Название: Не вижу зла
Автор: Доджесс
Фэндом: Пираты Карибского моря
Рейтинг: PG-13
Пейринг: Односторонний Мэри-Сью/Бекетт
Жанр: мутные ангсто-романсные сопли
Дисклеймер: нет, я начинаю думать, что Бекетт мне принадлежит, бугага))))
Варнинг: ЭТО НУДНО

От автора: фик к одноименному ужастику не имеет отношения, и я это название даже не поперла…точнее, поперла, но не специально, просто по-другому никак. Странный, нудный фик. Была хорошая идея, но воплотить ее удалось хорошо если процентов на 30.

*****
-     У тебя к нему сексуальное  влечение?
-   …нет. Не знаю. У меня к нему человеческое влечение.

-  Но ты должна понять, что твой пациент – ЗЛО. Которое, к сожалению, присутствует в нашем мире.   
(«Клан Сопрано»)
*****

Не видит зла, не видит лиц, не слышит разговоров и когда-нибудь навсегда исчезнет из памяти людей. Но она очень молода, и это случится нескоро, - действительно нескоро, поэтому не о чем грустить.

Поднимается в четыре часа, и это лучше, чем в три. Многолетняя привычка дает о себе знать, и она устает, но в меру, - у нее хватает сил напевать за уборкой, смеяться шуткам, прижиматься к дверям и замочным скважинам, заглядывая в другой мир. Это не преступление и ей не хочется ТУДА, хотя там так красиво, Господи, как там красиво!

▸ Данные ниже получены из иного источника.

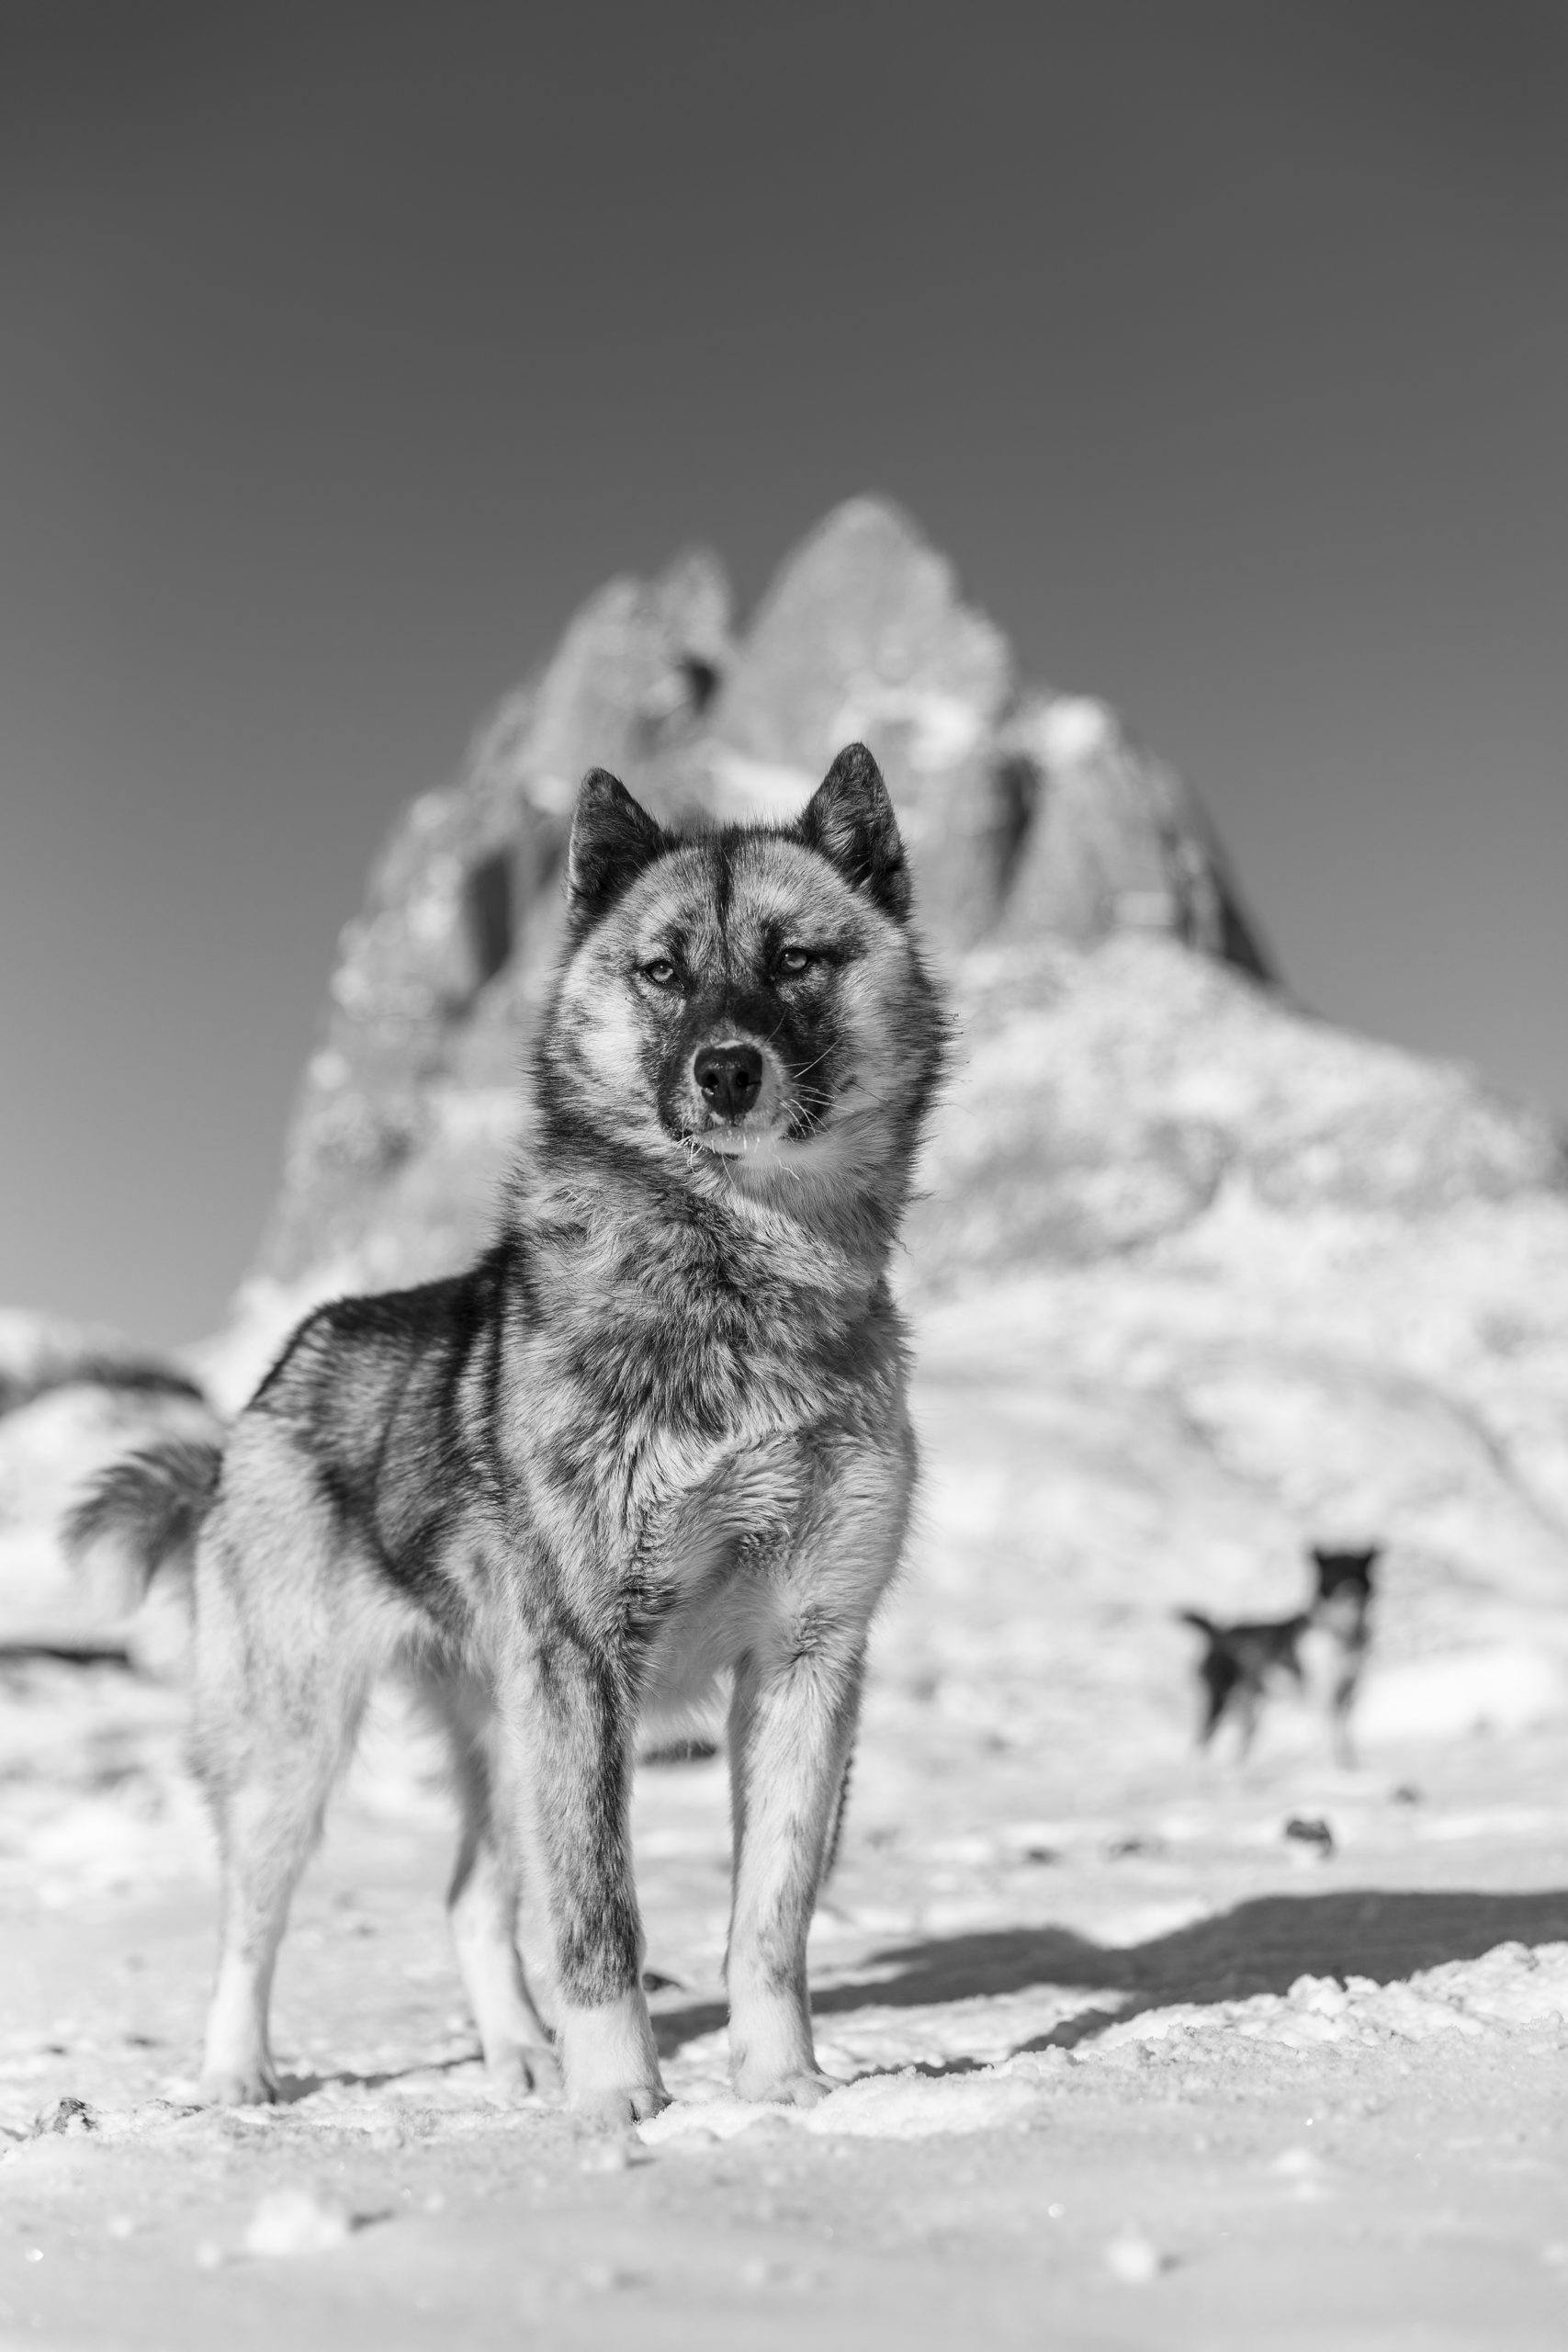 Greenland sled dogs. (Image: Carsten Egevang/Qimmeq)

Но ей нравится и так. Ведь она знает все об их мире, а они о ее мире не знают ни черта.

-         Выйди вон.

Они перед ней как на ладони, а она для них, - загадка, поэтому она так довольно улыбается, присев  в глубоком неуклюжем реверансе и низко наклонив голову. Ее улыбка гордая и загадочная. Она сама как яркая, точеная тень – что ее отбросило, кто ее отбросил? Она теряется среди прочих, но она особенная, - так она чувствует, а иначе зачем ей быть и почему?

-        Волосы, ВОЛОСЫ! – шипит дворецкий, выпучивая глаза, и она быстро заталкивает под чепчик растрепанные косы блеклого мышиного цвета.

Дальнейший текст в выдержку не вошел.